Supreme Court Denies Relief to Christian County Clerk—For Now

Carlos McKnight holds up a flag in support of gay marriage outside of the Supreme Court in
Jacquelyn Martin/AP Photo

The Supreme Court is denying a Kentucky county clerk’s application to stay a lower court’s ruling that she must begin issuing marriage licenses to same-sex couples. While government officers have religious liberty rights, some question whether the stronger legal argument would be to claim a personal religious liberty right to object to same-sex marriage, but not to claim governmental authority to ban her deputies from issuing those licenses, either.

By a single vote, three months ago the Supreme Court declared a constitutional right to same-sex marriage. Breitbart News reported on July 9 that Kim Davis, the elected clerk of Rowan County, Kentucky, refuses to issue marriage licenses to homosexual couples. Several people sued. Then on August 14, we reported that a federal district judge in Kentucky ordered Davis to begin issuing the licenses, that she refused to do so, and that she risked contempt of court.

Now things have reached a turning point. Davis’s lawyers asked the U.S. Court of Appeals for the Sixth Circuit to grant a stay of the district court’s order while her appeal is ongoing, but the Cincinnati-based appellate court denied the stay.
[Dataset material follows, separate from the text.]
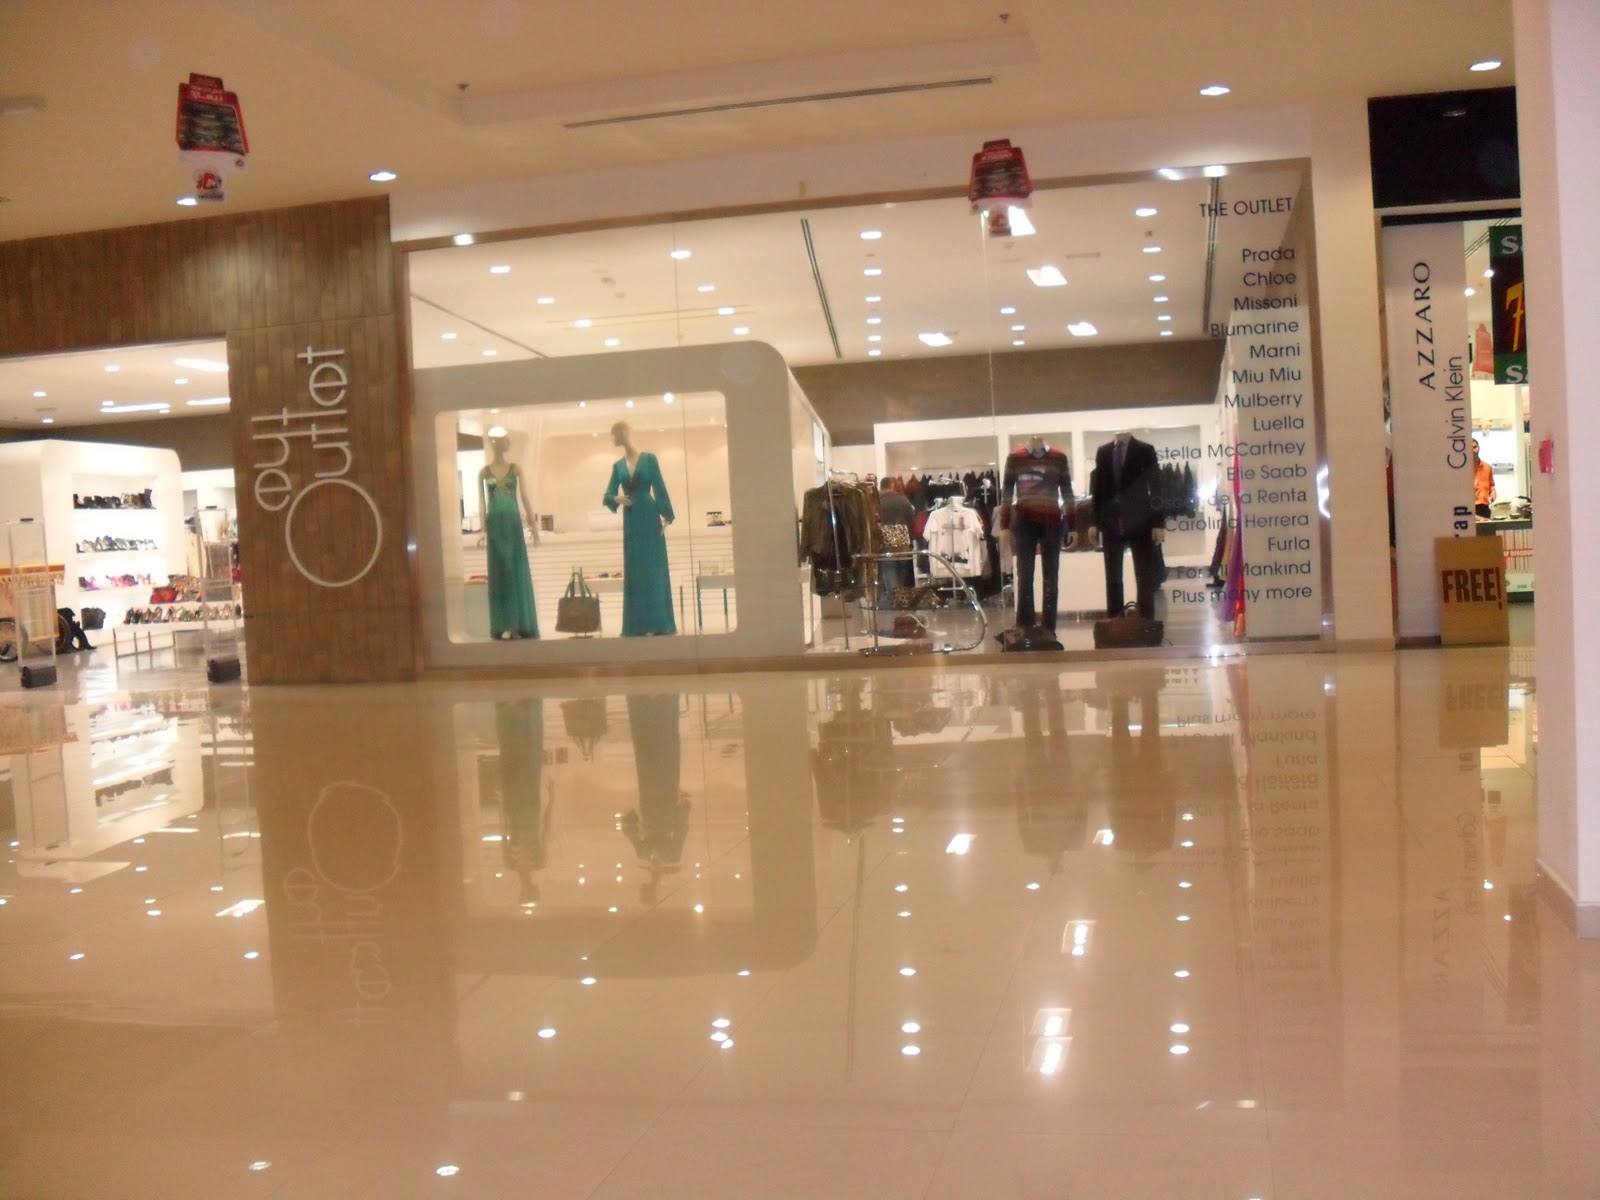 CALVIN KLEIN OUTLET - Dubai Outlet Mall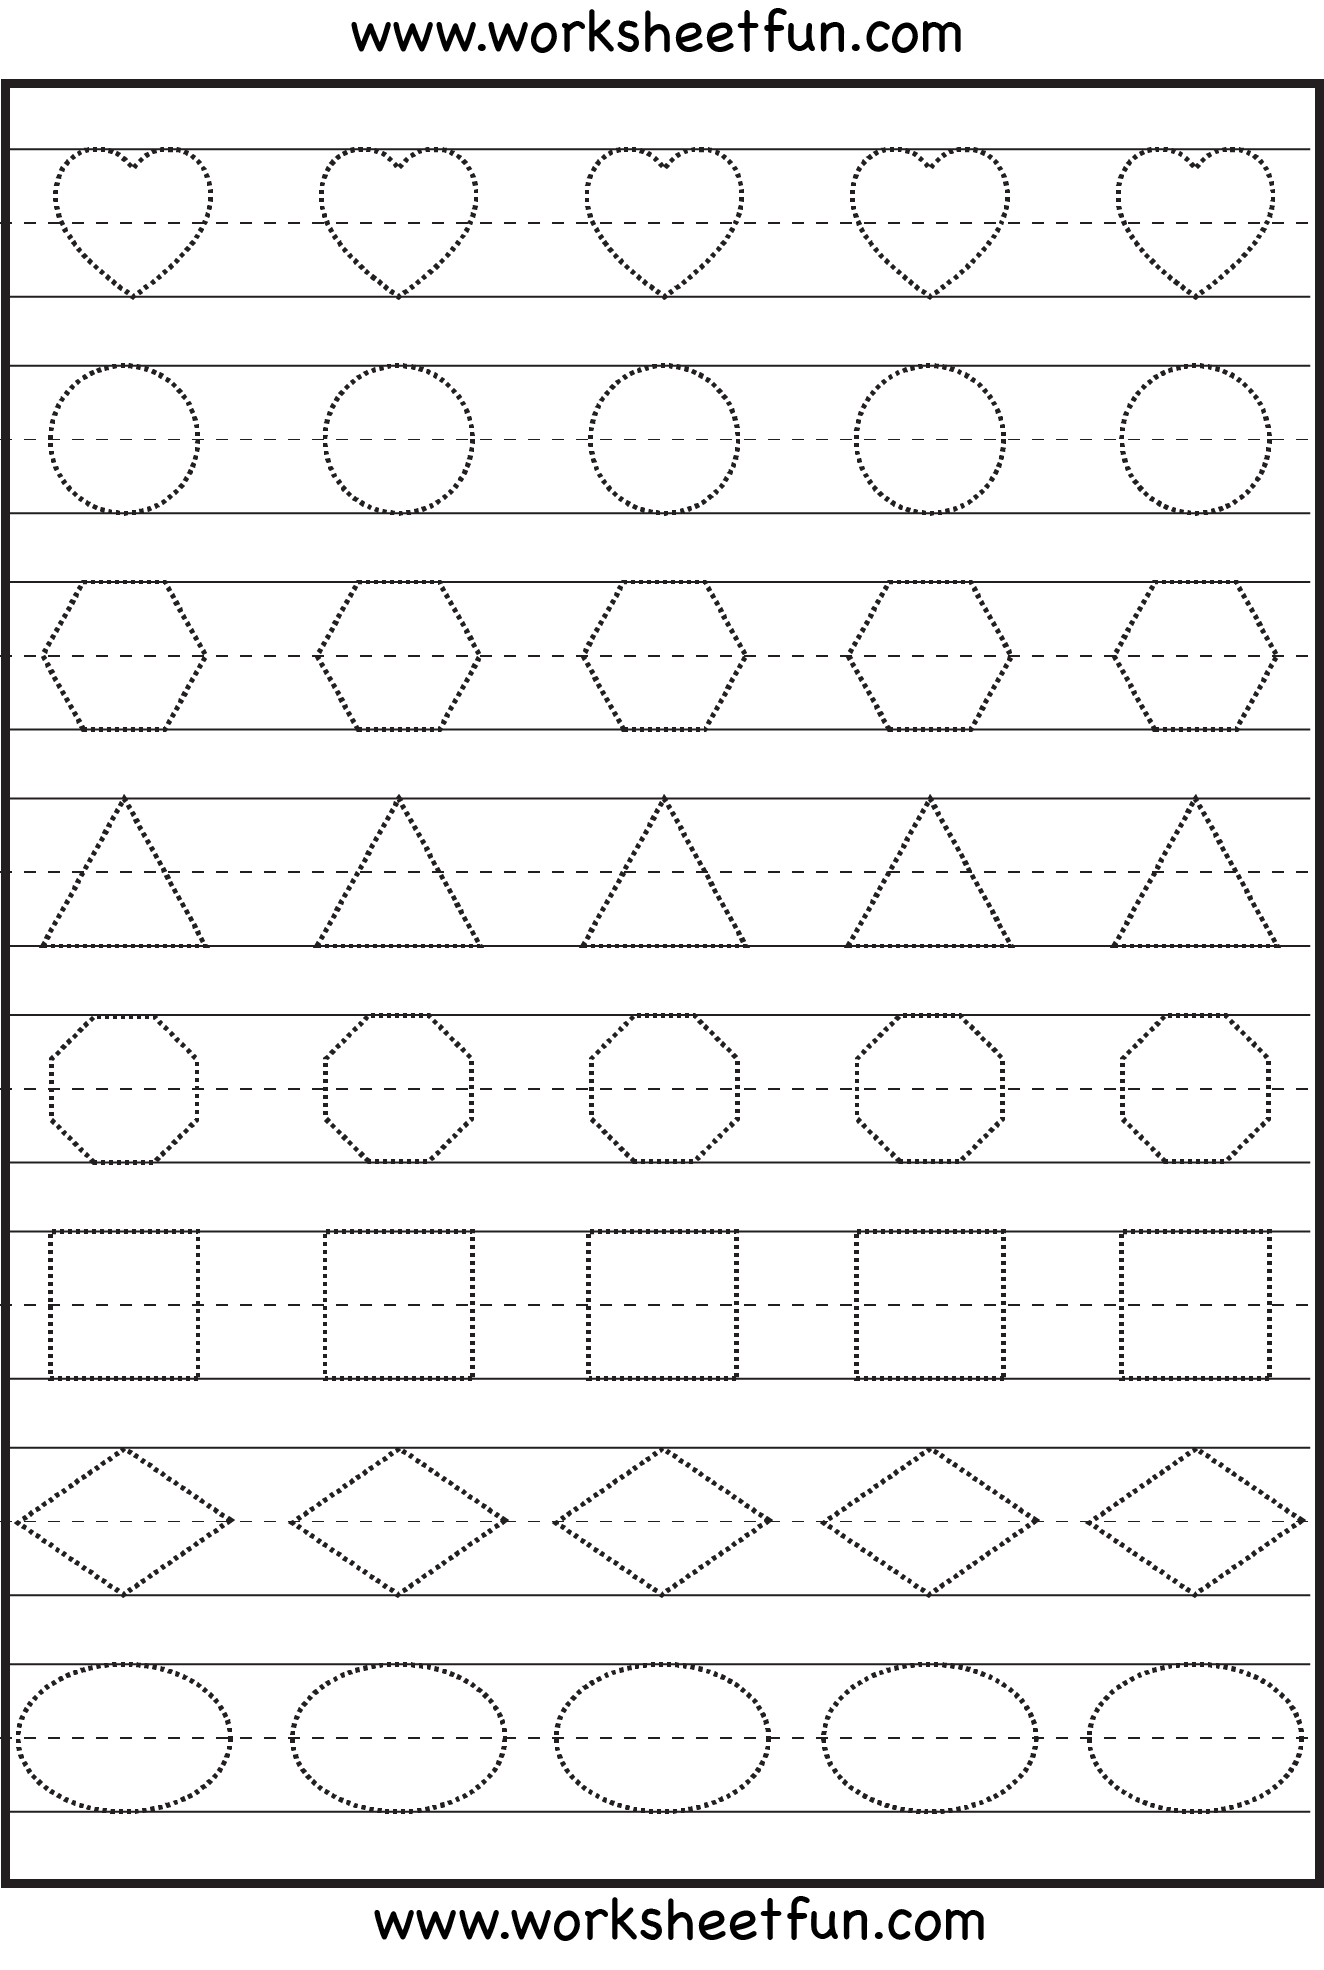 Free Printable Preschool Worksheets Age 4 5

Davis’s lawyers then filed an emergency application with Justice Elena Kagan, who supervises the Sixth Circuit, to grant the stay.

Although Kagan could have acted on her own, she referred the application to the full Supreme Court, as is often done in high-profile cases without clear precedent. Then on August 31, all nine justices—including the four who dissented from the Court’s creating a constitutional right to same-sex marriage—denied the stay with a one-sentence order.

This is not the end of the case. It now proceeds in the lower courts, where Davis can take the district court’s final judgment to the Sixth Circuit, and after that can petition the Supreme Court a second time—except that time it would be petitioning for a writ of certiorari for the Court to hear the merits of her case. Emergency stays from the Supreme Court are very rare, with one of the factors being the justices’ view on the likelihood that they will eventually grant review of the case.

What sets Davis apart from many of the other religious-liberty cases involving government officers on this issue is that while other officials are asking to be exempted from using their public office to participate in something with which they disagree, Davis is asking to use the powers of her office. In many cases with conscientious objectors—such as many county officials in Texas—the religiously motivated government officer wishes to recuse himself from issuing marriage licenses, in which case one of his deputies serving in that office can issue the certificate in the same manner as if the chief official were ill that day.

Here, by contrast, Davis has gone beyond saying she will not issue marriage licenses, and instead has ordered her subordinates that they are not going to issue licenses either, because Davis’s name is printed on those licenses. Many legal experts suggest that her odds of success are slim, in that she is both claiming a personal right based on her religious belief, but then also claims the right to use her governmental power to order other civil service to act only as she acts, even if they do not share her religious objection.

A parallel from the military illustrates this principle. Ever since the founding of the republic, the U.S. military has allowed those who religiously object to the use of deadly force to be assigned to noncombatant roles in the military so that they never have to pick up a weapon. These conscientious-objector accommodations are rooted in every American’s fundamental rights secured by the First Amendment of the Constitution.

Here, however, the parallel would be if a conscientious objector were nonetheless assigned as an officer in command of an infantry unit, and then that officer ordered all the troops under his command to set aside their weapons and refuse to fight, just like their commander. The officer would be using the authority that he holds only by virtue of his office—and thus power that does not belong to him personally, but rather belongs only to the office he currently holds—to assert a personal right based on his personal religious beliefs.

That is a much steeper hill to climb in court, but Kim Davis will get her day in court to make her case. The more immediate question will be whether her actions over the next few days escalate the situation further.

Regardless of the outcome in Davis’s case, many other cases are now in the courts, involving purely private citizens, who are being sued or losing their jobs because of their purely private beliefs on marriage, or those in uniform being told that they cannot hold their religious beliefs and still serve in the military. America is in uncharted waters as to what will come next, but one thing that is clear is that millions of observant people of faith will not sacrifice their sincere beliefs based on a court ruling, and are willing to pay the price if needs be.